Economia

Copom eleva Selic em 1,5 ponto, para 7,75%, maior alta desde fim do governo FHC

O Copom (Comitê de Política Monetária) do Banco Central elevou a taxa básica (Selic) em 1,50 ponto percentual, a 7,75% ao ano, nesta quarta-feira (27). No comunicado, a autoridade monetária sinalizou nova elevação de mesma magnitude na próxima reunião, em dezembro, para 9,25% ao ano.

A taxa é a maior em quatro anos, quando atingiu 7,50% em outubro de 2017.

Esta é a maior alta desde dezembro de 2002, fim do governo de Fernando Henrique Cardoso (PSDB). Na ocasião, os juros subiram 3 pontos percentuais -de 22% para 25% ao ano.

O comitê disse considerar o ritmo de 1,5 ponto percentual por reunião adequado para levar a inflação à meta, mas disse que o nível final da taxa deve "avançar ainda mais no território contracionista". Com isso, a autoridade monetária indica que o patamar final da Selic deve ser maior que o esperado, mas sem especificar qual seria.

O Copom afirmou que, "diante da deterioração no balanço de riscos e do aumento de suas projeções, esse ritmo de ajuste é o mais adequado para garantir a convergência da inflação para as metas no horizonte relevante".

"Neste momento, o cenário básico e o balanço de riscos do Copom indicam ser apropriado que o ciclo de aperto monetário avance ainda mais no território contracionista [patamar mais elevado de juros]", ressaltou.

A elevação desta quarta é maior que a indicada pelo BC na reunião anterior, em setembro, quando sinalizou que subiria novamente a Selic em 1 ponto percentual.
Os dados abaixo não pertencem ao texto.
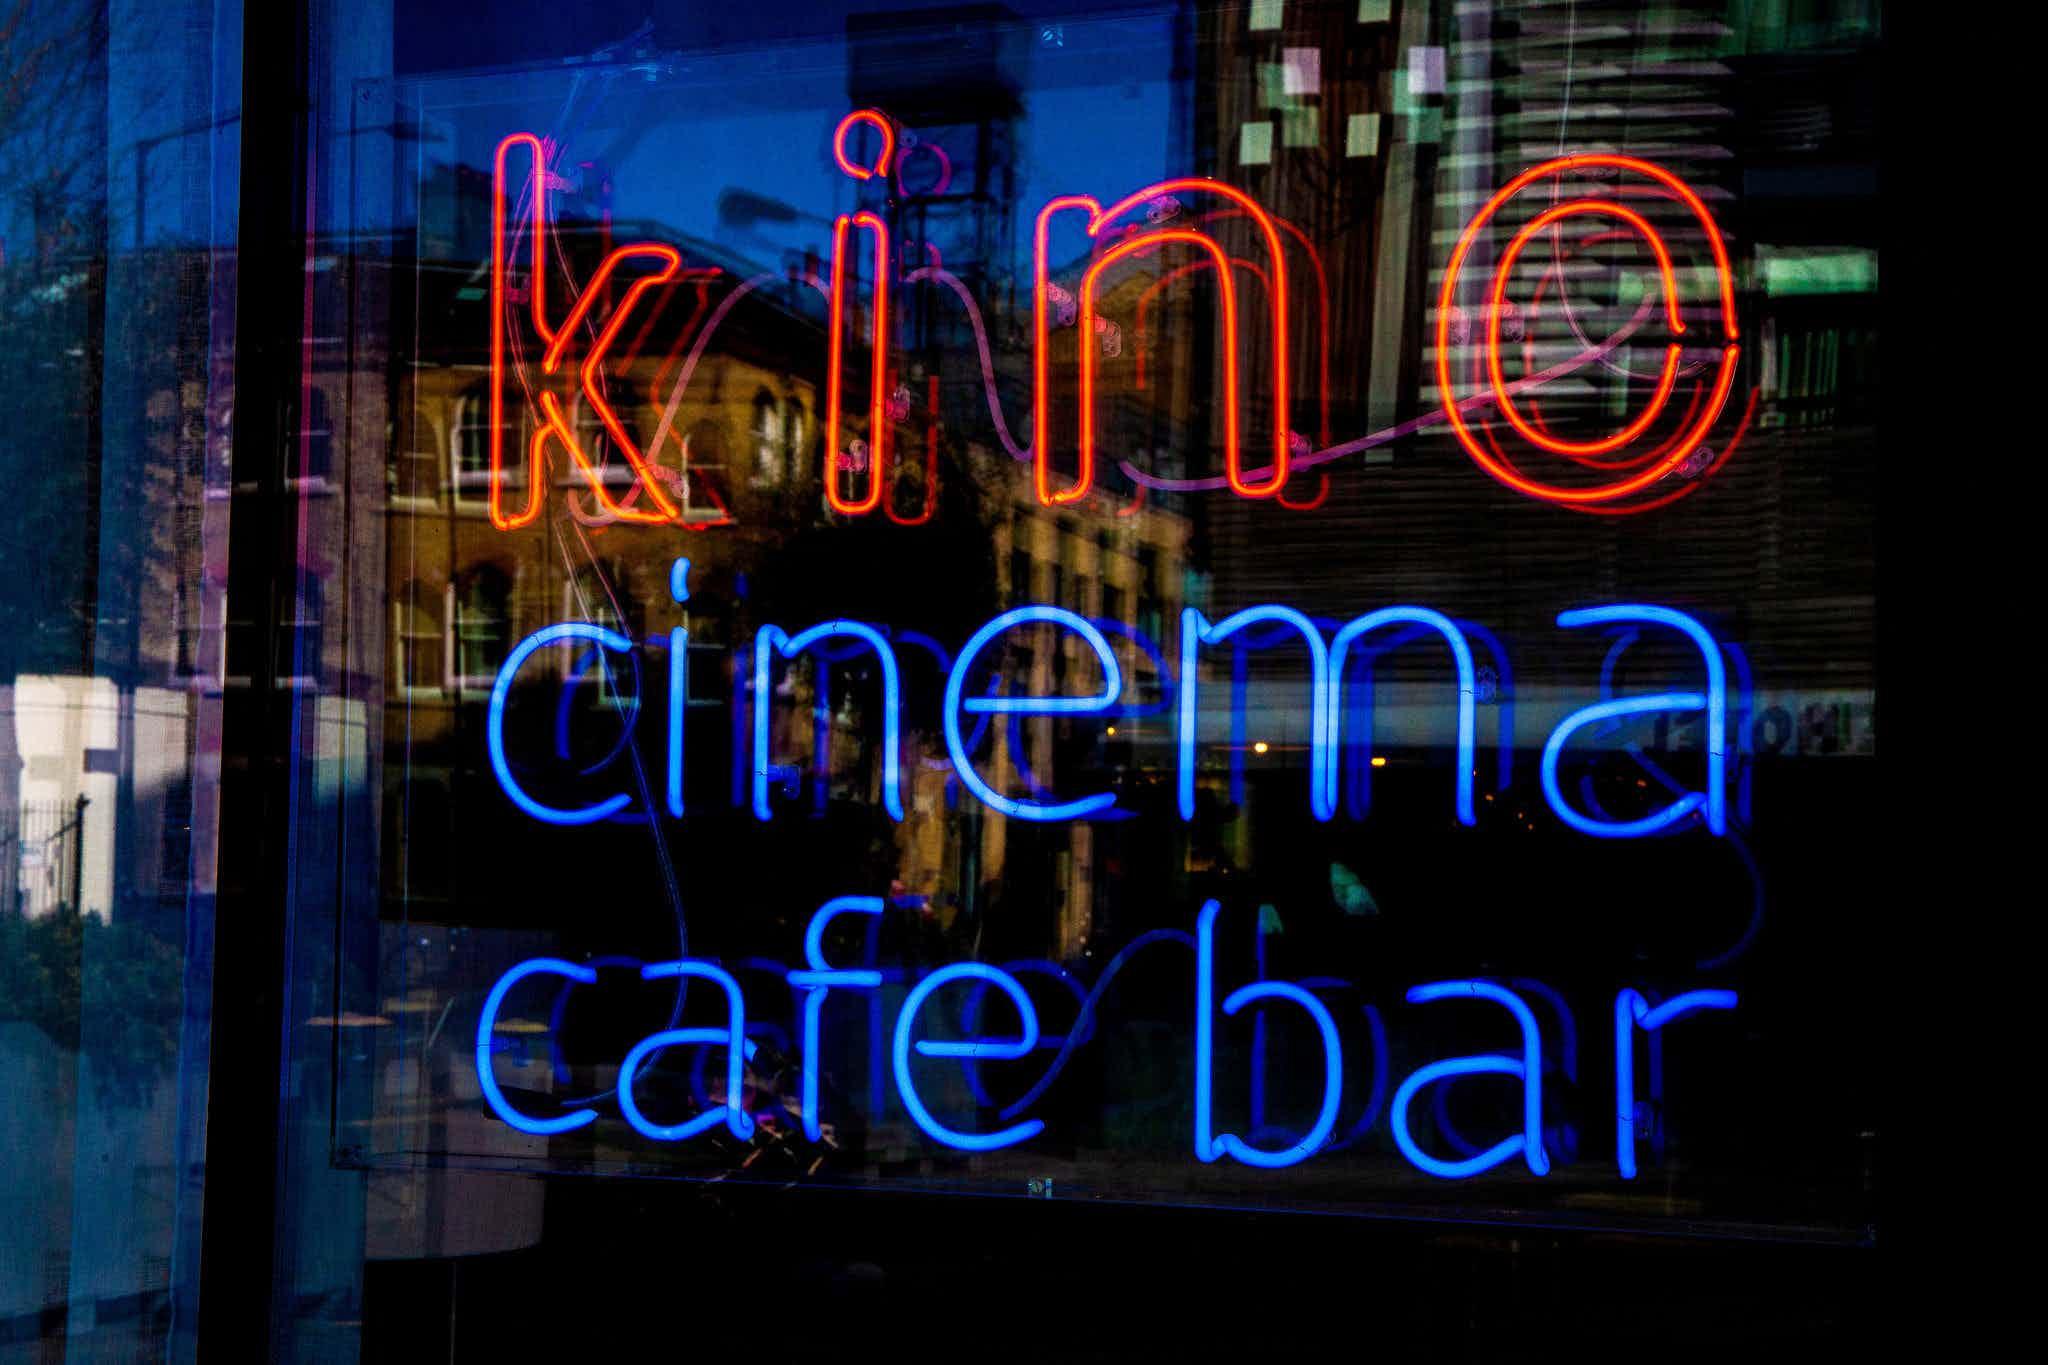 Cinema and Bar, Kino Bermondsey

O presidente da autarquia, Roberto Campos Neto, e diretores reiteraram em eventos dos quais participaram ao longo das últimas semanas que o plano era manter esse ritmo nas decisões seguintes.
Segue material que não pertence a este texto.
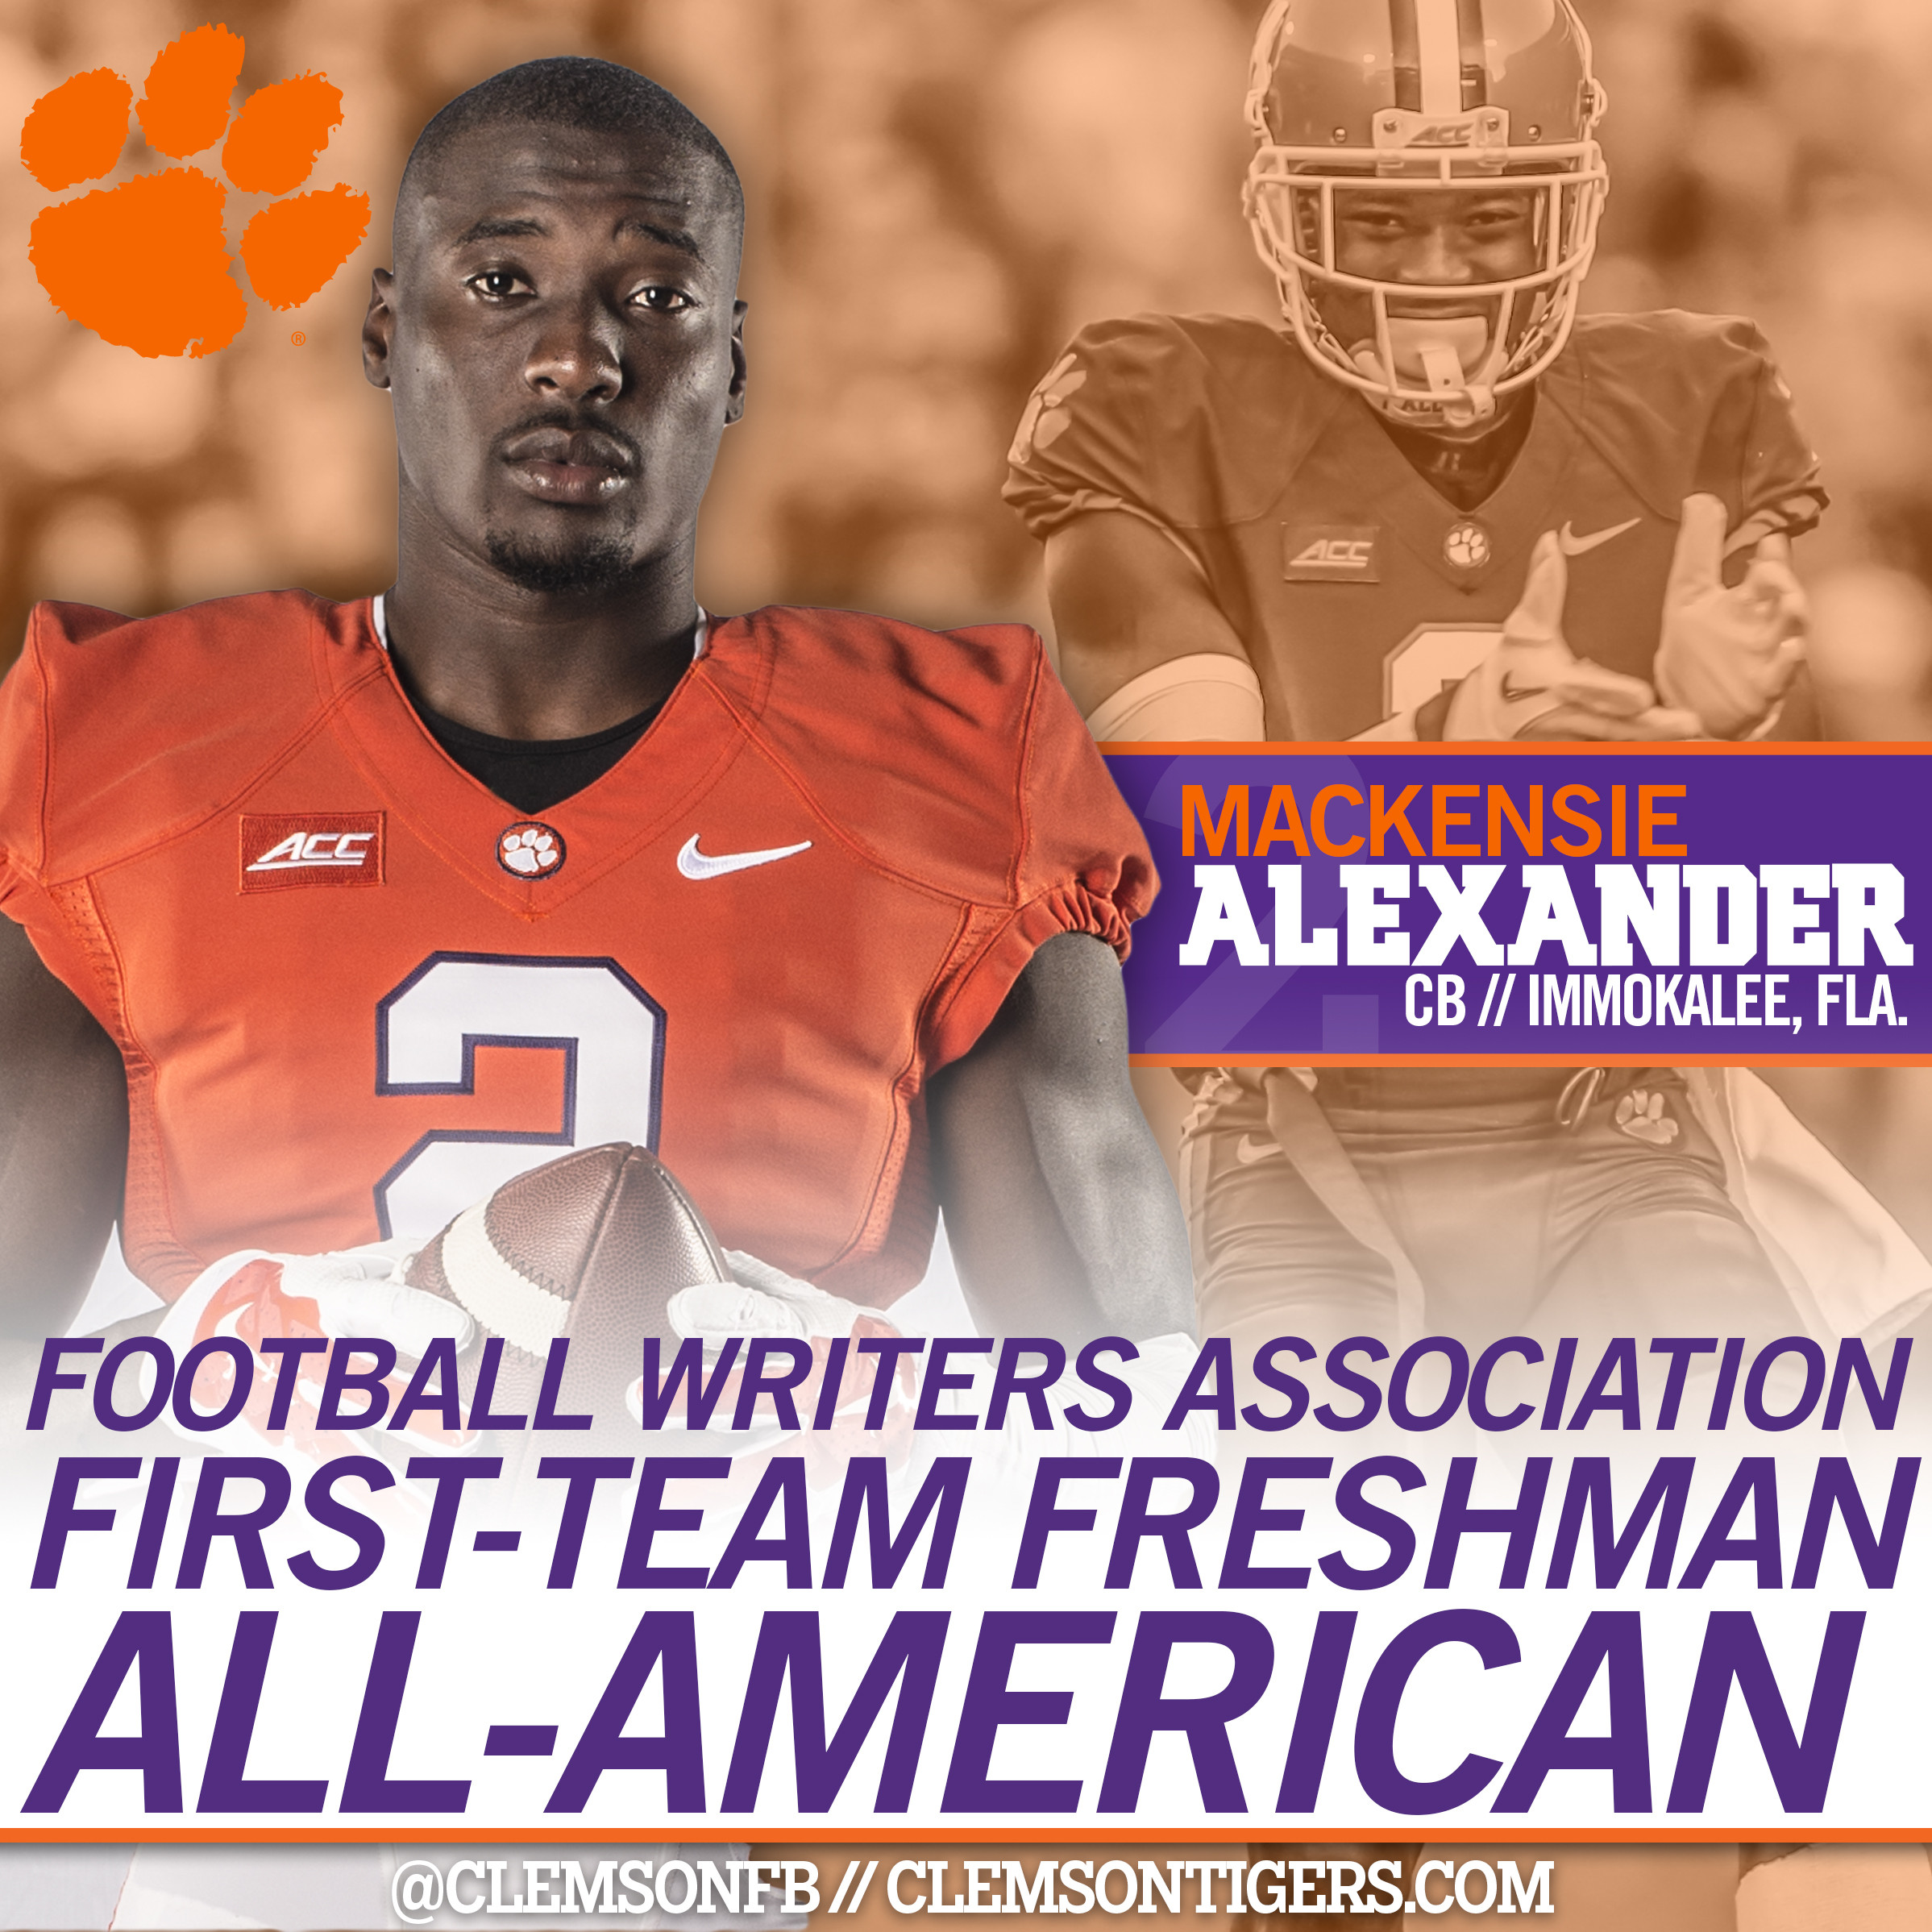 Alexander Earns First-Team Freshman All-America Honor

Diante da manobra do governo para driblar o teto de gastos na semana passada, no entanto, o BC teve que mudar a postura para tentar levar a inflação de 2022 e 2023 à meta.

A decisão veio em linha com as projeções do mercado. Na semana passada, economistas revisaram as expectativas para a decisão desta quarta e passaram a esperar uma resposta mais agressiva da autoridade monetária diante da elevação do risco fiscal.
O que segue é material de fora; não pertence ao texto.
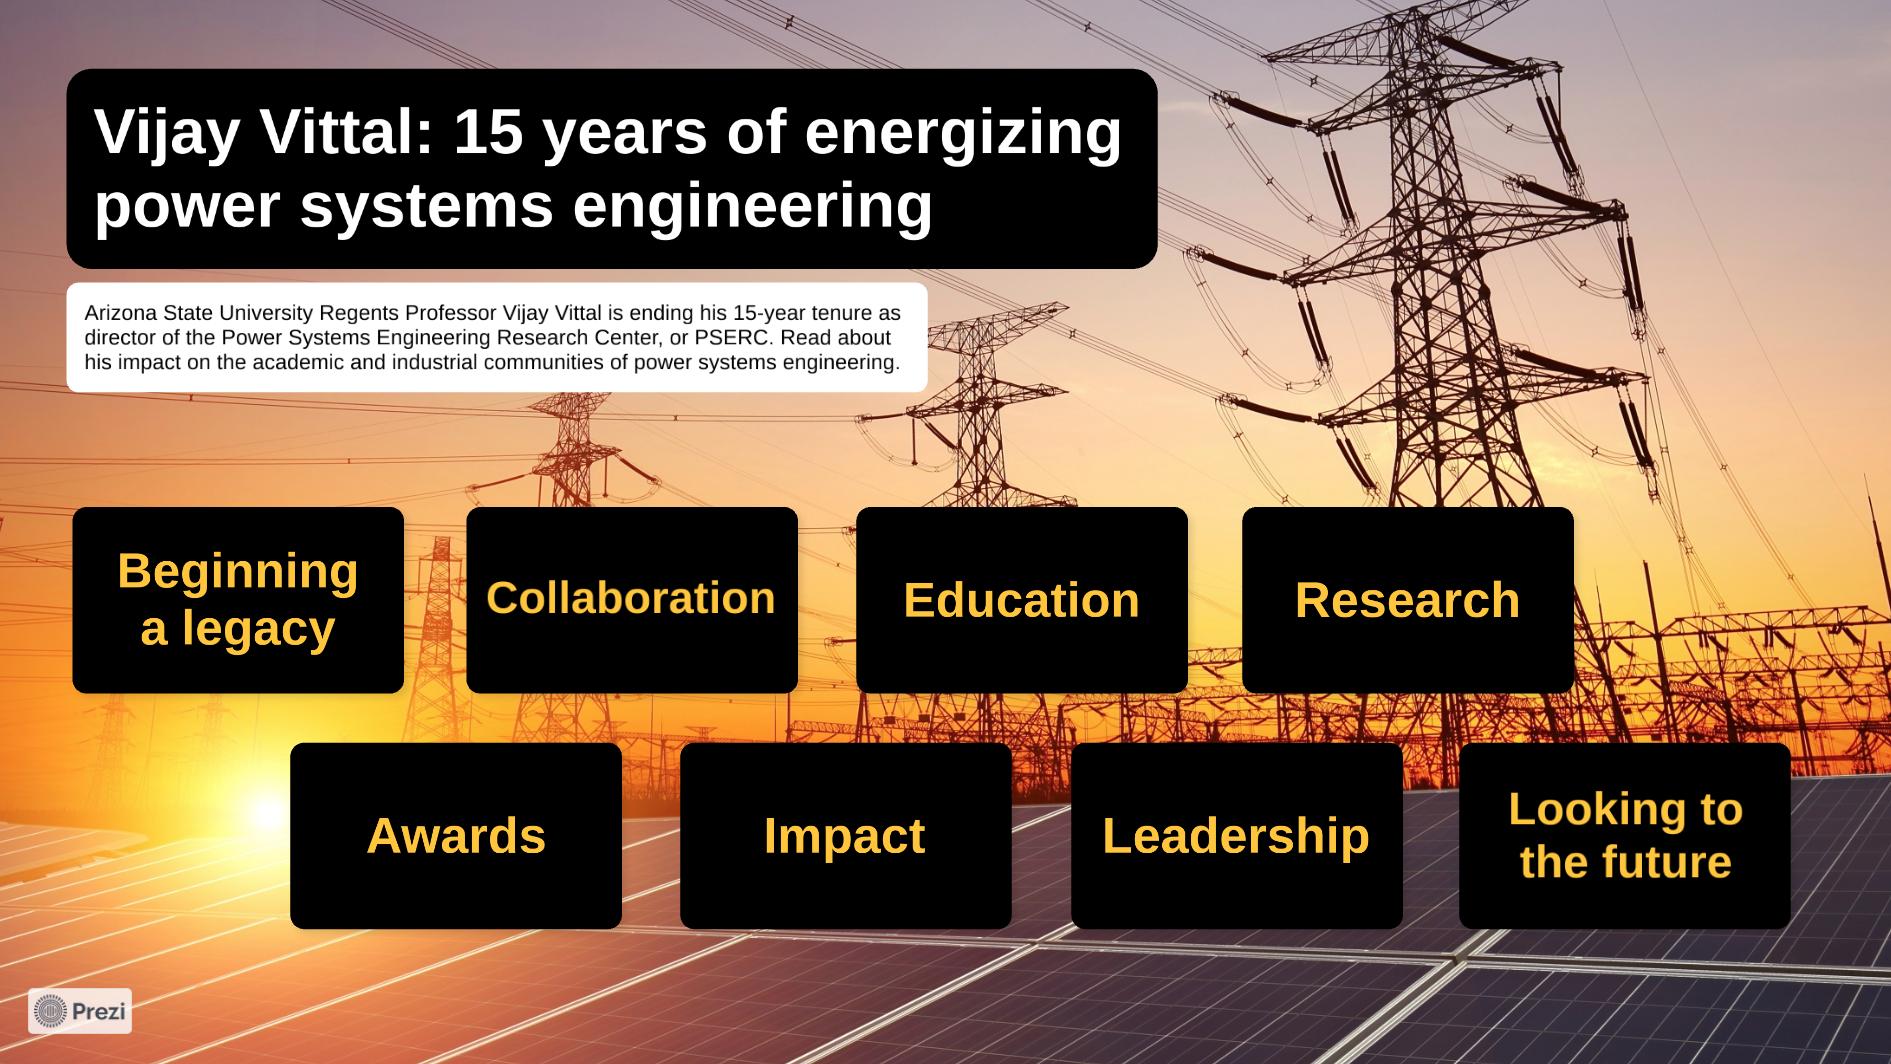 """Vijay Vittal: 15 years of energizing power systems engineering"" Prezi home screen."

A maior parte dos economistas consultados pela Bloomberg projetava elevação de 1,5 ponto percentual.

As revisões ocorreram após o governo e seus aliados no Congresso inserirem, na última quinta-feira (21), na PEC (proposta de emenda à Constituição) que adia o pagamento de precatórios uma mudança na regra de correção do teto de gastos que, na prática, expande o limite das despesas federais.

A manobra tem como objetivo abrir espaço orçamentário e turbinar o Auxílio Brasil, programa social que vai substituir o Bolsa Família.

O ruído em torno de uma possível mudança de regime fiscal elevou o chamado o prêmio de risco à curva de juros, custo adicionado para cobrir eventuais impactos, e afetou as expectativas para a inflação.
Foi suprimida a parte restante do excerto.